Я уже давно начал чувствовать, что дед – самый близкий мне человек в моем детстве – был истощен не только физически. Я больше не видел той лучащейся ауры успеха и богатства, которую я хотел видеть вокруг него. Я также поймал несколько слов, которыми обменялись мать и бабушка во время одной из их часто разражающихся отвратительных ссор – даже за день до похорон – о какой-то сумме денег, которую из-за проблем с «наличностью» мой дедушка хотел занять у моих родителей (в это время они только-только стали получать хороший доход). Кажется, что дочь и зять отказали ему; их неблагодарное отношение было «вознаграждено», когда они унаследовали старый доходный дом в Дюссельдорфе и продали его ровно за сто тысяч марок (вполне внушительная сумма денег по тем временам).

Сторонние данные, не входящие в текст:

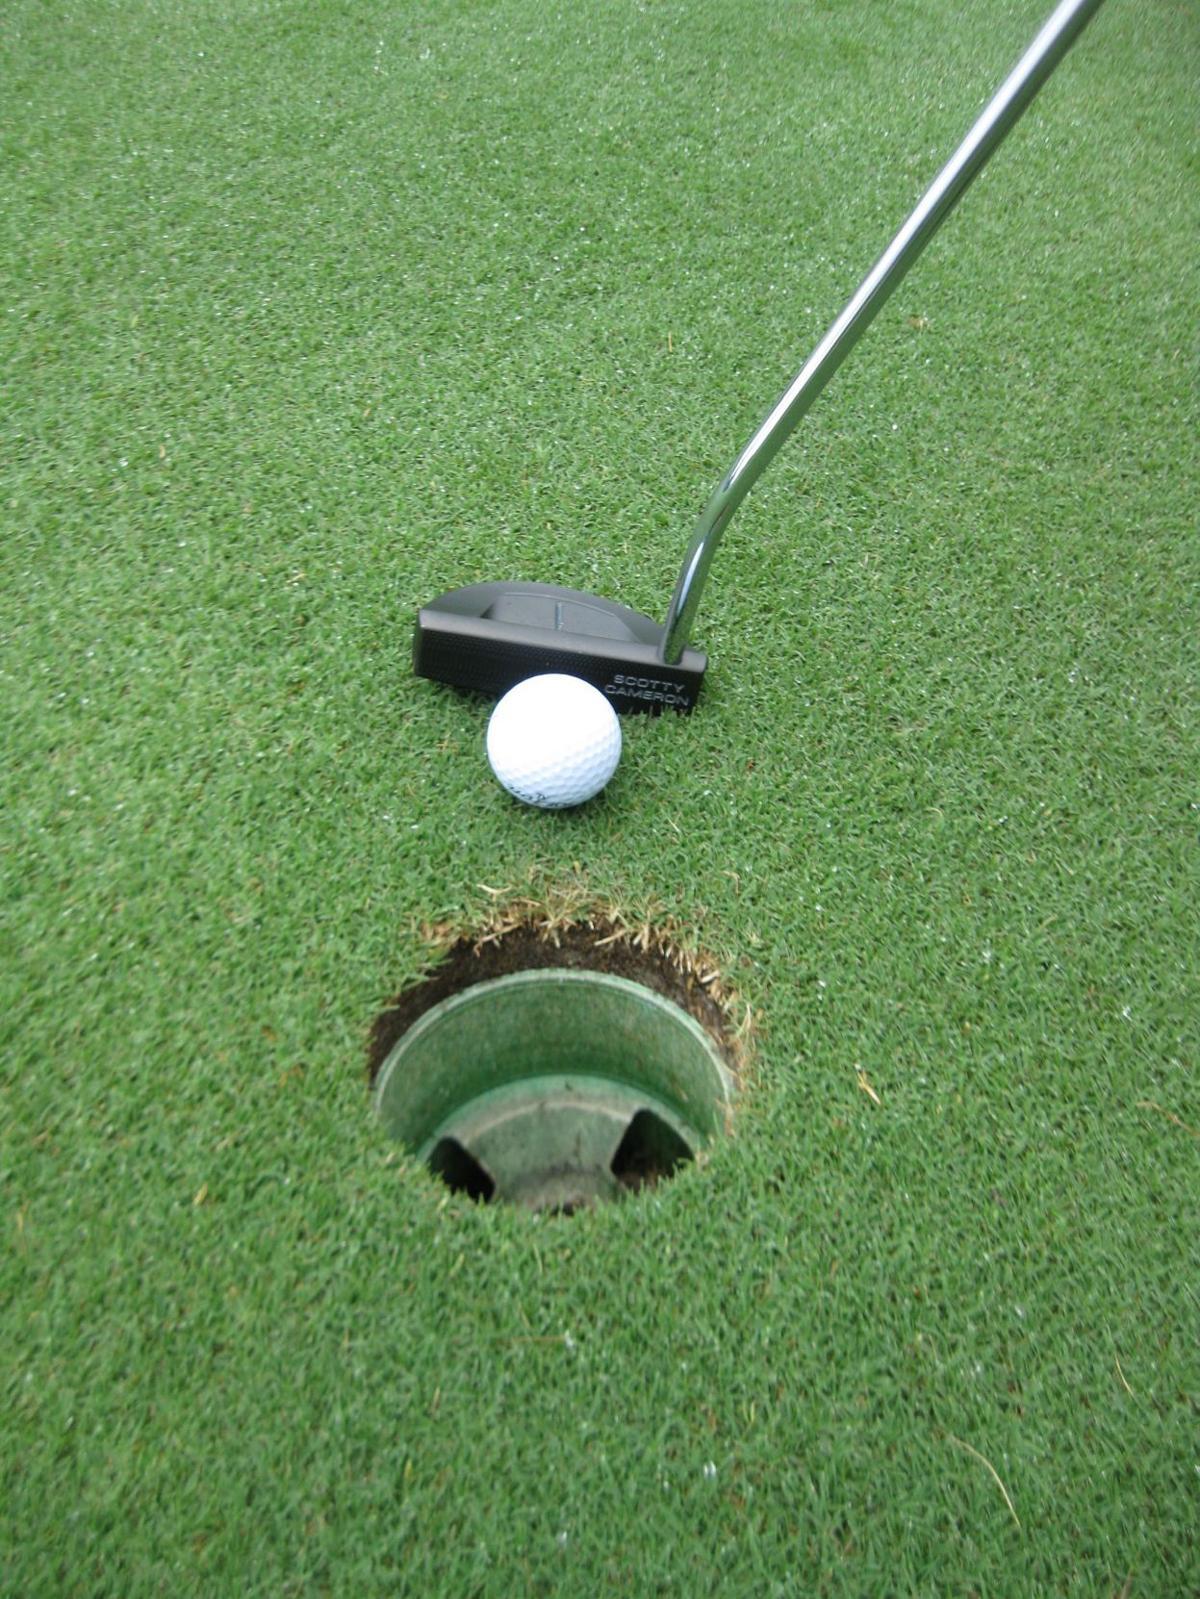 April 26 Golf Calendar and Aces
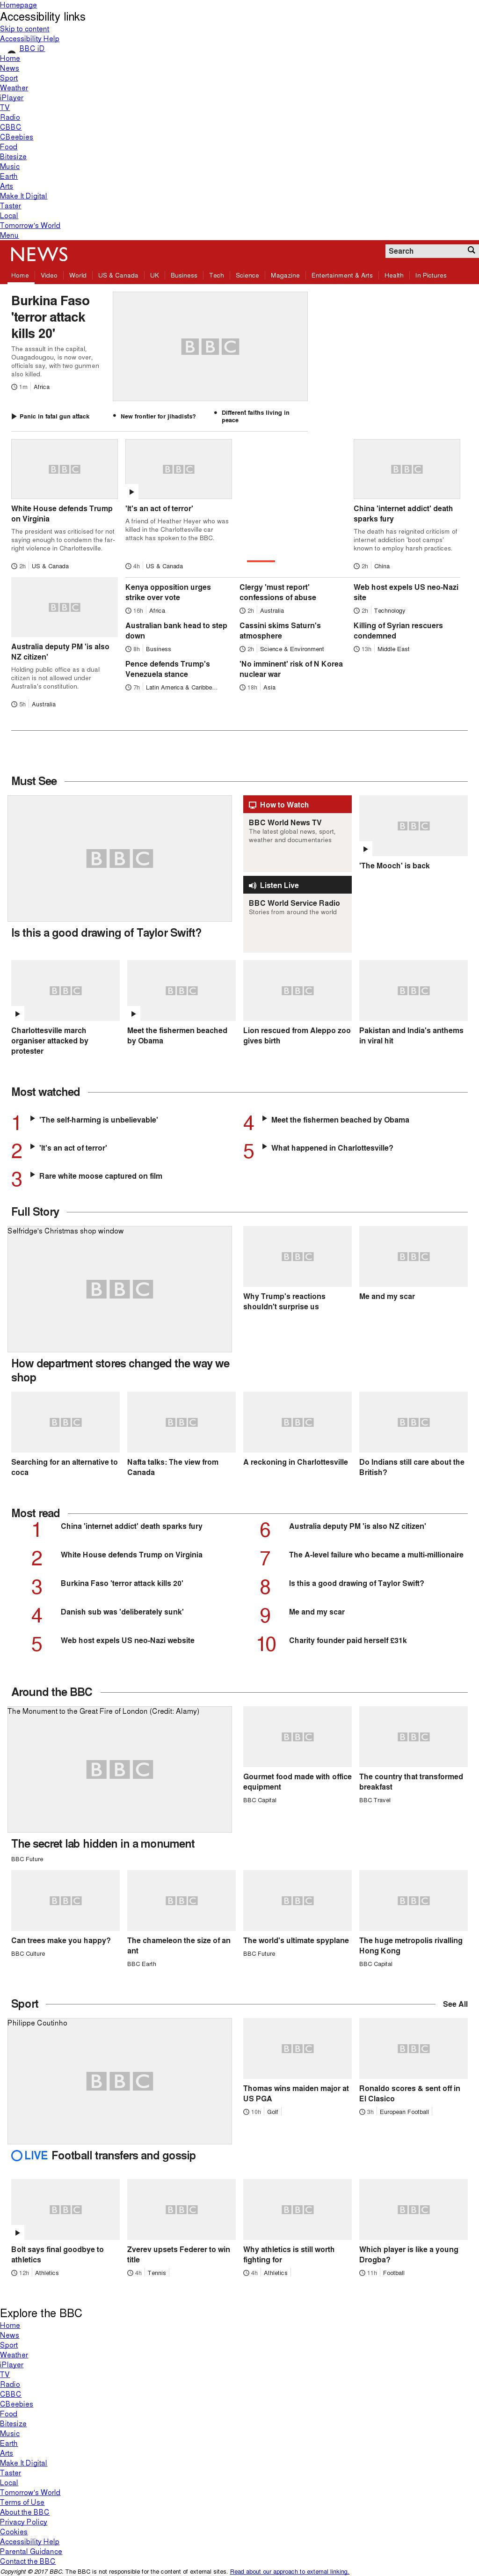 BBC at Monday Aug. 14, 2017, 10 a.m. UTC

Во время похорон на кладбище в деревне, где дед родился, я впервые заметил с некоторым чувством вины, что смерть – даже смерть кого-то, кто играл большую роль в моей жизни, – производит на меня меньшее впечатление, чем я предполагал. В следующие четыре или пять лет я часто возвращался в домик, чтобы провести время с бабушкой, которая взяла на себя дела своего мужа. И вела их с удивительным успехом. И так же удивительно, что она стала играть в моей жизни ту роль, которую прежде играл он, и с той же странно-отстраненной нежностью. Только раз или два навестил я его могилу, куда был водружен камень почти монументального размера, на котором значилось его имя, выбитое золотыми буквами. Хотя дед был настолько напуган мыслью о смерти, что это слово нельзя было даже произносить в его присутствии, у него имелось написанное от руки завещание, где среди многих более практичных вещей до мельчайших подробностей описывалось, какой он хочет видеть свою могилу. Одна часть прошлого закончилась – тот великолепный мир, каким я рисовал его себе в детстве и частью которого я был бы счастлив стать; и по мере того, как я вступал в новую пору отрочества, мне стали открываться его ужасающие стороны.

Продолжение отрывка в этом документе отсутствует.